No. k is also a function of temperature. So when the temperature of the gas changes, the cp and cv values of the gas change which in effect changes the k value. In fact, the k value of an ideal gas decreases when the temperature increases. Let me explain further:
Note that k is also equal to the enthalpy divided by internal energy.
k = H/U = m*cp*T/m*cv*T = cp/cv
And the cp is equal to cv plus the specific gas constant.
H = U + PV
m*cp*T = m*cv*T + m*R*T
cp = cv + R
For k to be constant when there is a change in gas temperature, the ratio of gas enthalpy to the gas internal energy has to remain the same. This is improbable because the internal energy of a gas is actually more sensitive to temperature change than the gas enthalpy.

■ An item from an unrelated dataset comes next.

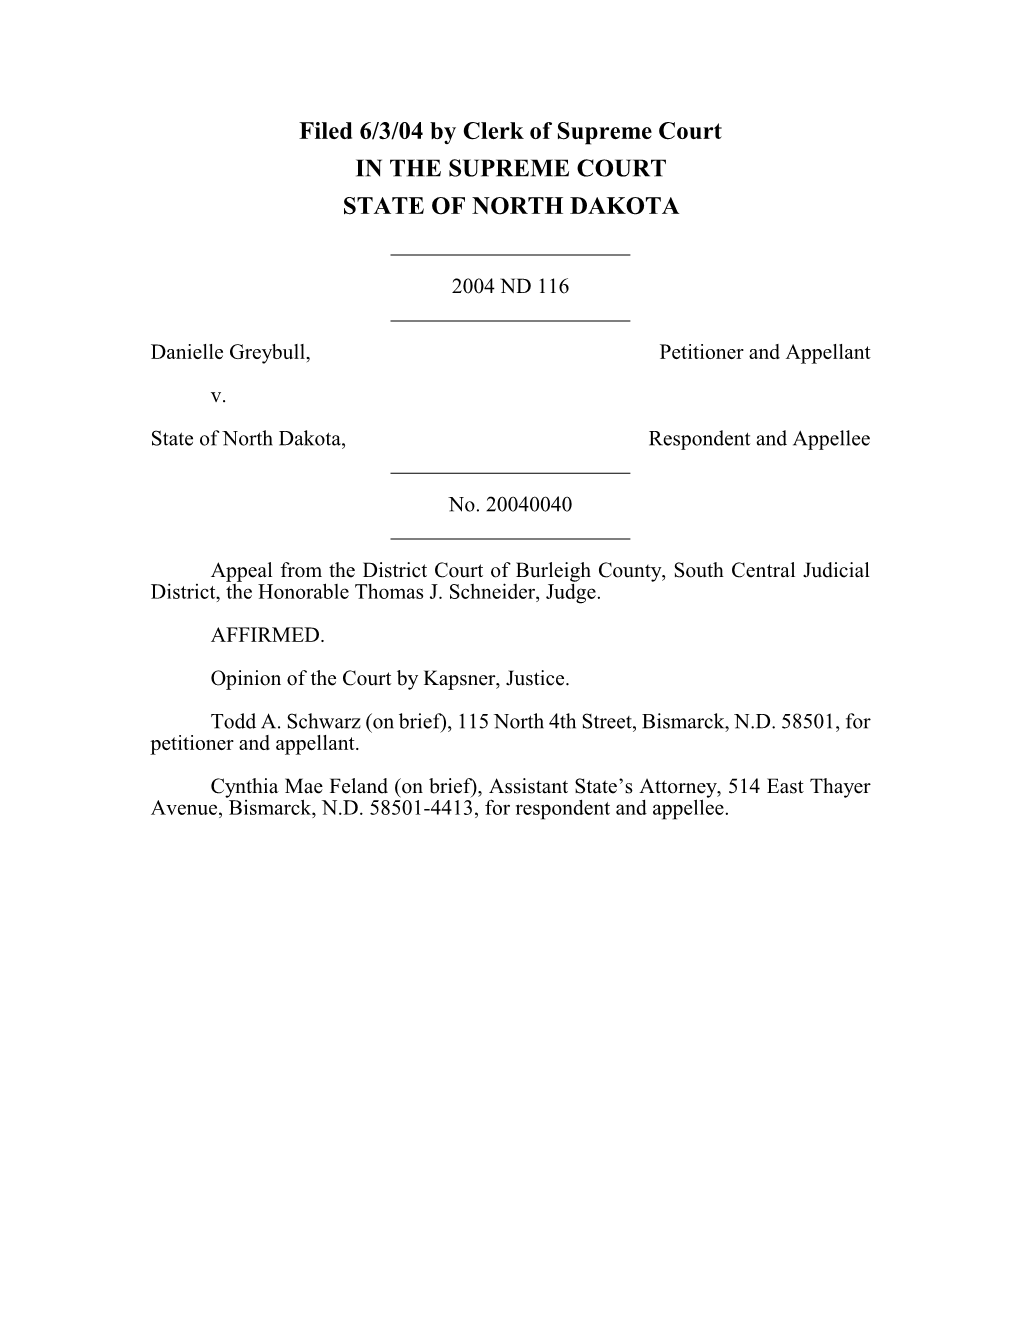 Filed 6/3/04 by Clerk of Supreme Court in the SUPREME COURT STATE of NORTH DAKOTA

Take for example superheated steam @ 10 barg & 400 deg C. You'll find that the cp = 2.12882 kJ/kg-K and Cv = 1.63738 kJ/kg-K, so k = 1.306 (Note that we are assuming that the superheated steam is an ideal gas. The actual k value is different (a bit smaller) as the steam compressibility factor has to be considered.) Now we increase the temperature to say 410 deg C, the new cp you will note is 2.14060 and the new cv is 1.64148 yeilding a new k value of 1.304.
Let's see refrigerant r-134a gas @ 150 psia & 150 deg F, the cp is 0.2518 Btu/lb-R & k is 1.1997. Now if the tem is reduced to say 110, the cp becomes 0.2697 & k becomes 1.2787.
Therefore to answer your question, if k is constant then the cp and cv values must be the same.